1996:387 - DUNGARVAN CASTLE, Dungarvan, Waterford

NMI Burial Excavation Records

County: Waterford Site name: DUNGARVAN CASTLE, Dungarvan

Sites and Monuments Record No.: N/A Licence number: 95E0080

Author: Dave Pollock

Site type: Castle - Anglo-Norman masonry castle

Period/Dating: Multi-period

ITM: E 626144m, N 593057m

Latitude, Longitude (decimal degrees): 52.088817, -7.618493

During a second season of excavations at the castle the second storey of the main building in the shell keep was cleared, the entrance to the keep was examined further, a trench opened the previous year in the castle yard was extended, and a second trench was cutin the yard, to the south of the shell keep.

The shell keep
The profile of the new trench in the yard implies a substantial ditch around the shell keep, potentially flooded at high tide, and open into the sixteenth century.

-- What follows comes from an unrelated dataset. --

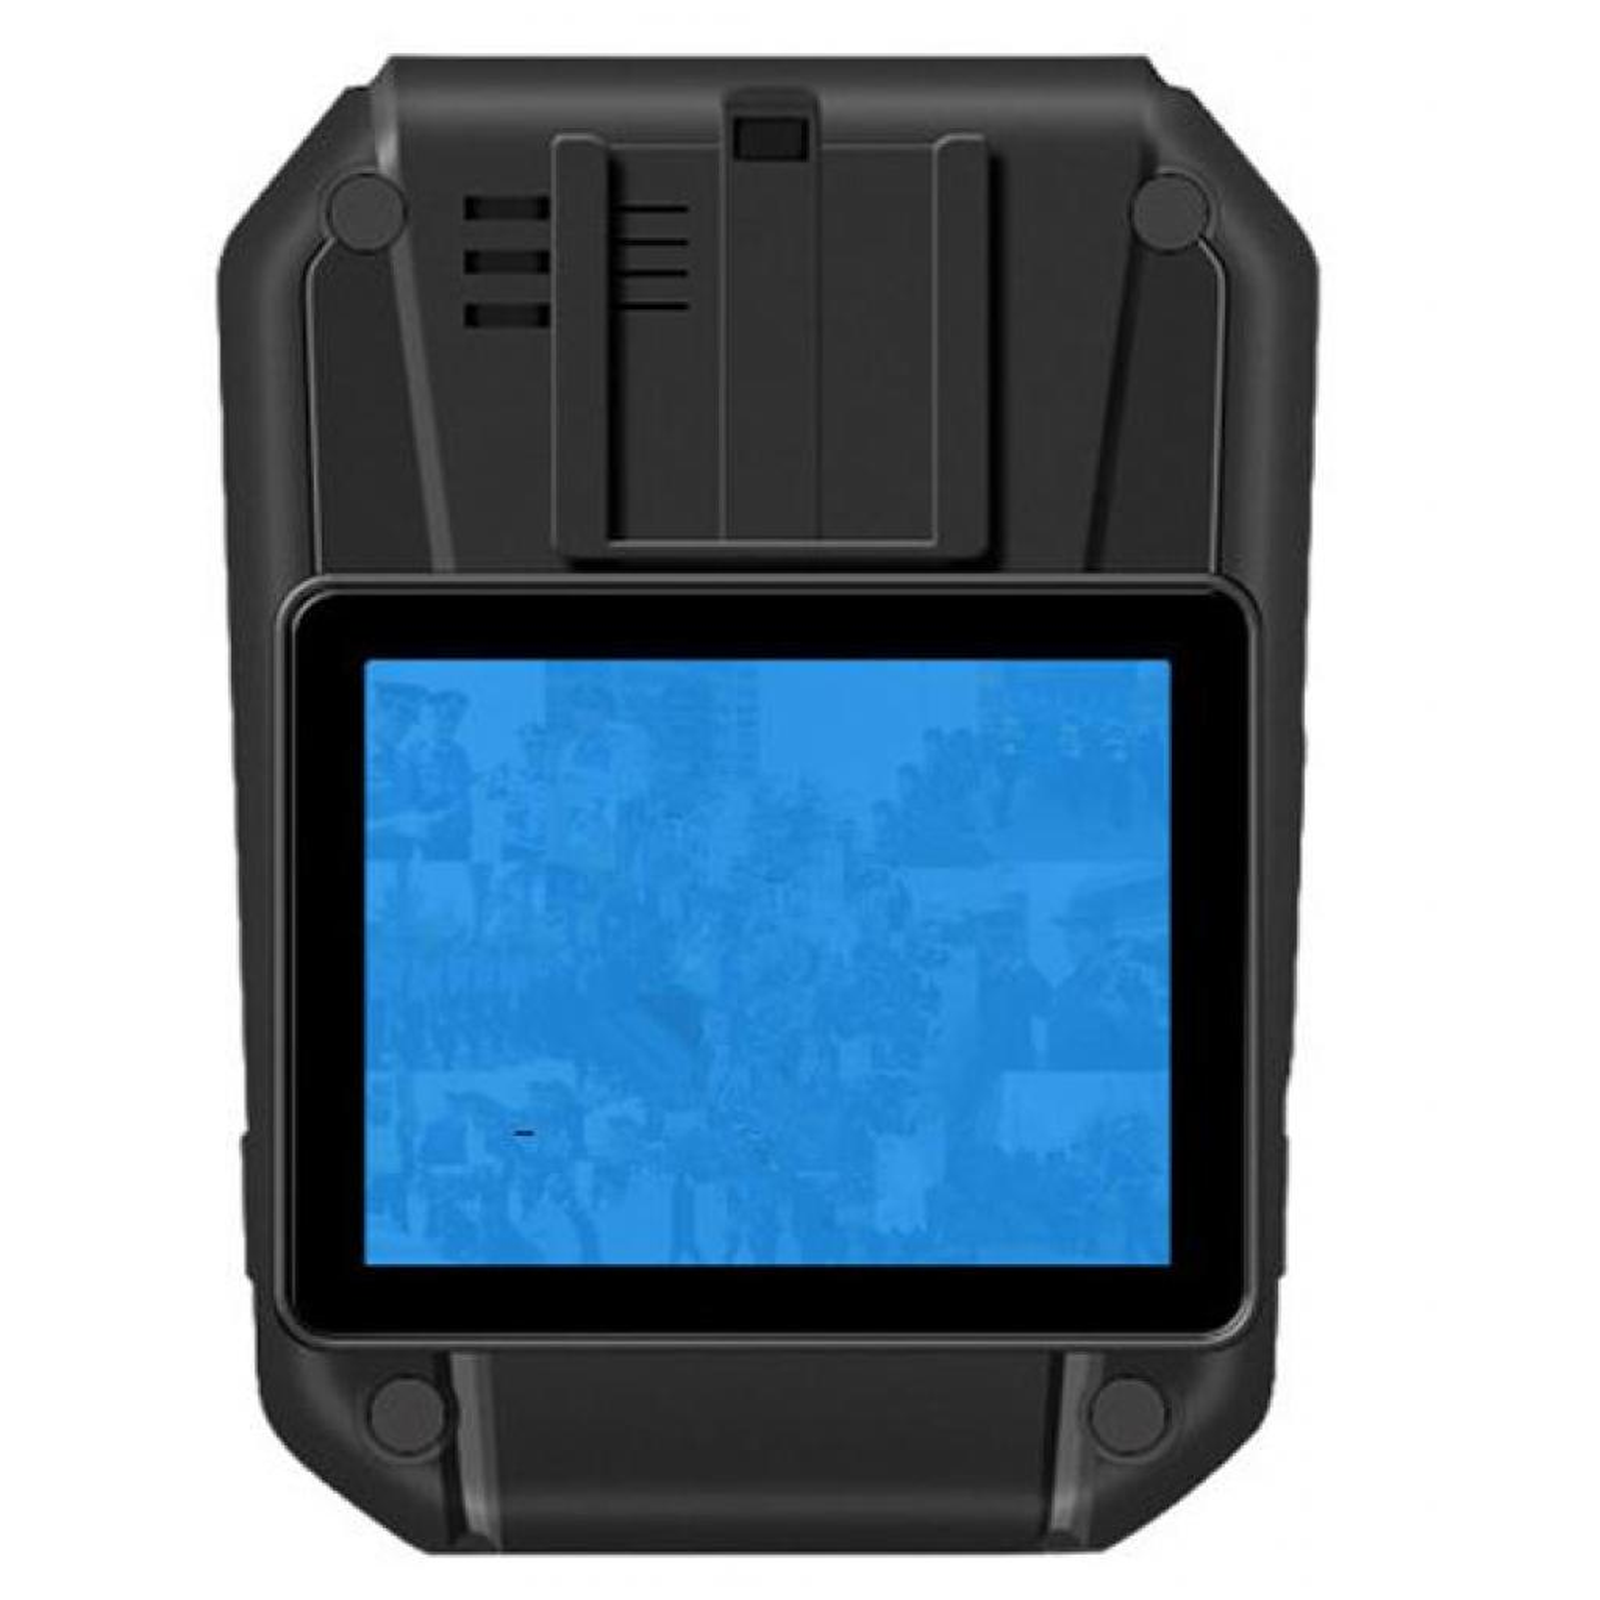 Видеорегистратор Globex Body Camera GE-915 (GE-915) изображение 4

Access to the keep was over the ditch and through an opening 1.8m wide in the east wall. A single drawbridge pit was found below the passage through the wall. The main building inside the keep, against the north wall, was originally only two storeys high, but was extended in length and an extra storey added probably c. 1260. During reconstruction the new wooden floor between the first and second storeys was replaced with a barrel vault (largely surviving). The building was damaged by fire and repaired in the seventeenth century.

The castle yard
An early enclosure adjoining the keep is represented by a stony bank found in the extended trench and in the 1995 trench under the south gate-tower. The substantial south and east curtain-walls were built with the round tower and gate-house, probably in the late thirteenth century. The remains of a contemporary north curtain-wall underlie the current, post-medieval, north wall. (The west curtain-wall is late, associated with the infilling of the ditch around the shell keep.) At an early stage buildings with stone footings were constructed against the inside faces of the north, east and south curtains.

Late seventeenth-century damage
The castle was slighted in the closing years of the seventeenth century (suggested by coin evidence, not documentary references), and very shortly afterwards restored for garrison use.